Logs were processed, and execution times for each image were extracted. These results were compared to measurements obtained for the same images in the microcontroller.

2.3.2. Execution Time Measurements in Microcontroller and Memory Usage Characterization

Execution time of ORB on the microcontroller was measured with the objective of comparing it to the PC implementation and bounding the time the processing of an image was expected to take. These results were then compared to the ones obtained in Section 2.3.1.

In addition, execution time is related to the FAST threshold value. These parameters are indirectly related: Execution time of ORB depends on the input image and the ORB configuration, which, in this implementation, is limited to selecting a threshold value for the FAST algorithm. This threshold indirectly determines the number of feature points that are extracted, with less restrictive threshold values allowing for more feature points and vice versa.

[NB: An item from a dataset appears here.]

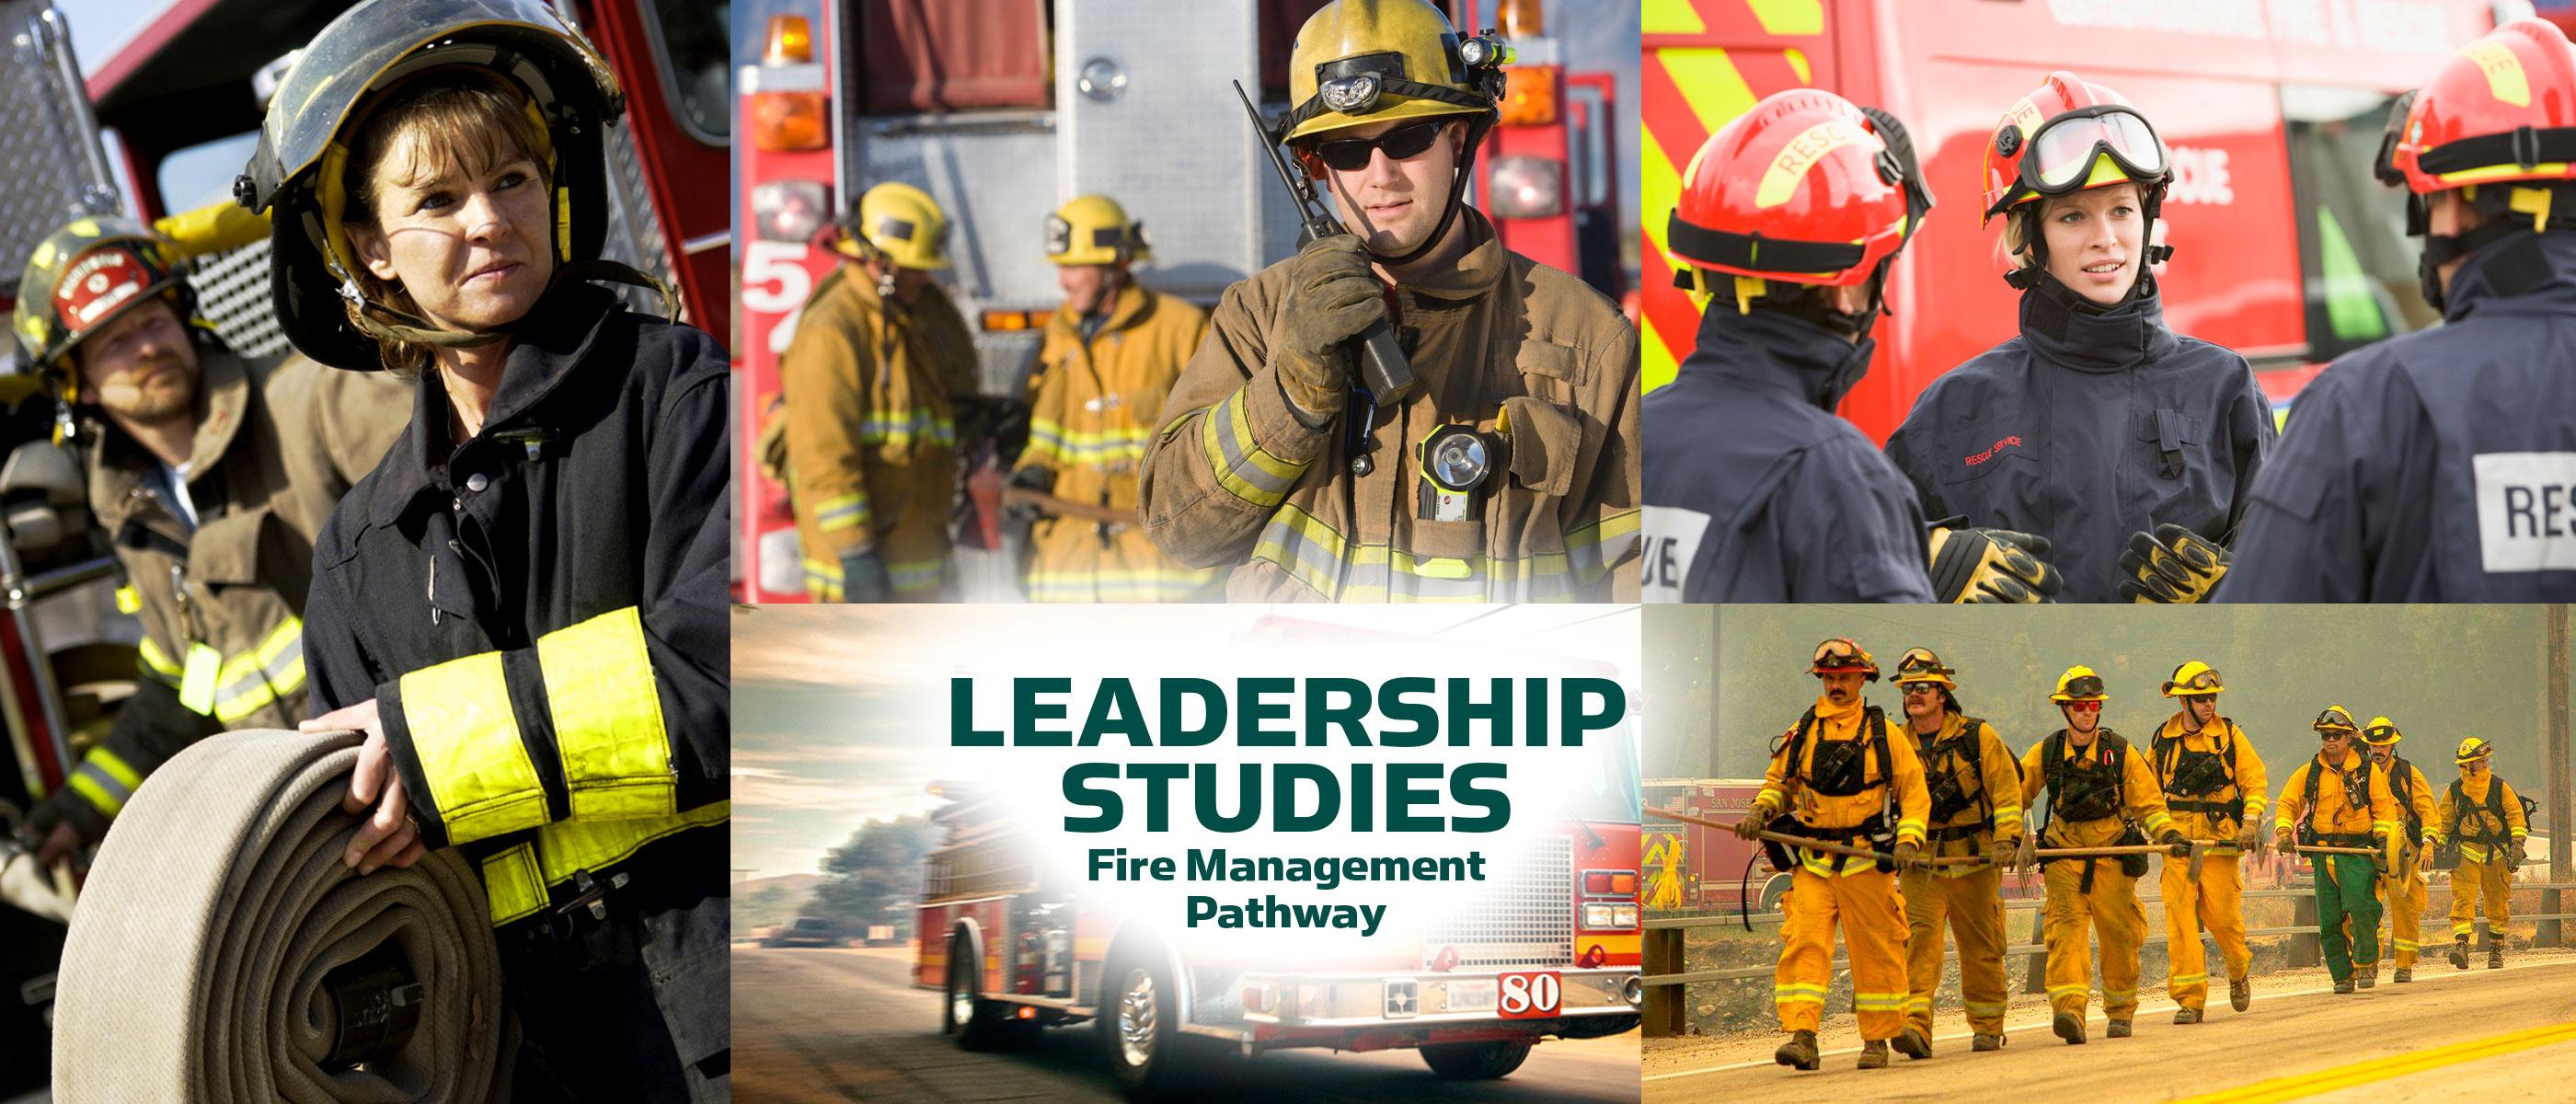 Leadership Studies Fire Management Pathway

This impacts both execution time and memory usage of the iteration, as well as energy consumption.

Since the availability of RAM and FLASH memory on a microcontroller is low, memory usage was evaluated to identify potential constraints.

The procedure for measuring execution time and memory usage for each frame, processed one at a time, was performed as follows:

Each frame was converted to a byte array using a Python script on the PC.
The byte array was transmitted through UART from the PC to the microcontroller.
The microcontroller processed each frame using different FAST thresholds, starting from 255 and decrementing by 1. This process continued until either the threshold reached a value of 1 or a memory allocation failure ocurred due to an excessive amount of keypoints extracted from the frame.
Timestamps at the start and at the end of each function were recorded in millisecond resolution. These were transmitted through UART to the PC once the processing of the image finished.

This process was executed for each of the first 200 images of the dataset. A more detailed diagram of the process is shown in Figure 2.

Logs were analyzed to extract execution times, which were compared to the values obtained with the PC implementation. Execution times were also evaluated as a function of the FAST threshold and the number of features that the FAST function acquired.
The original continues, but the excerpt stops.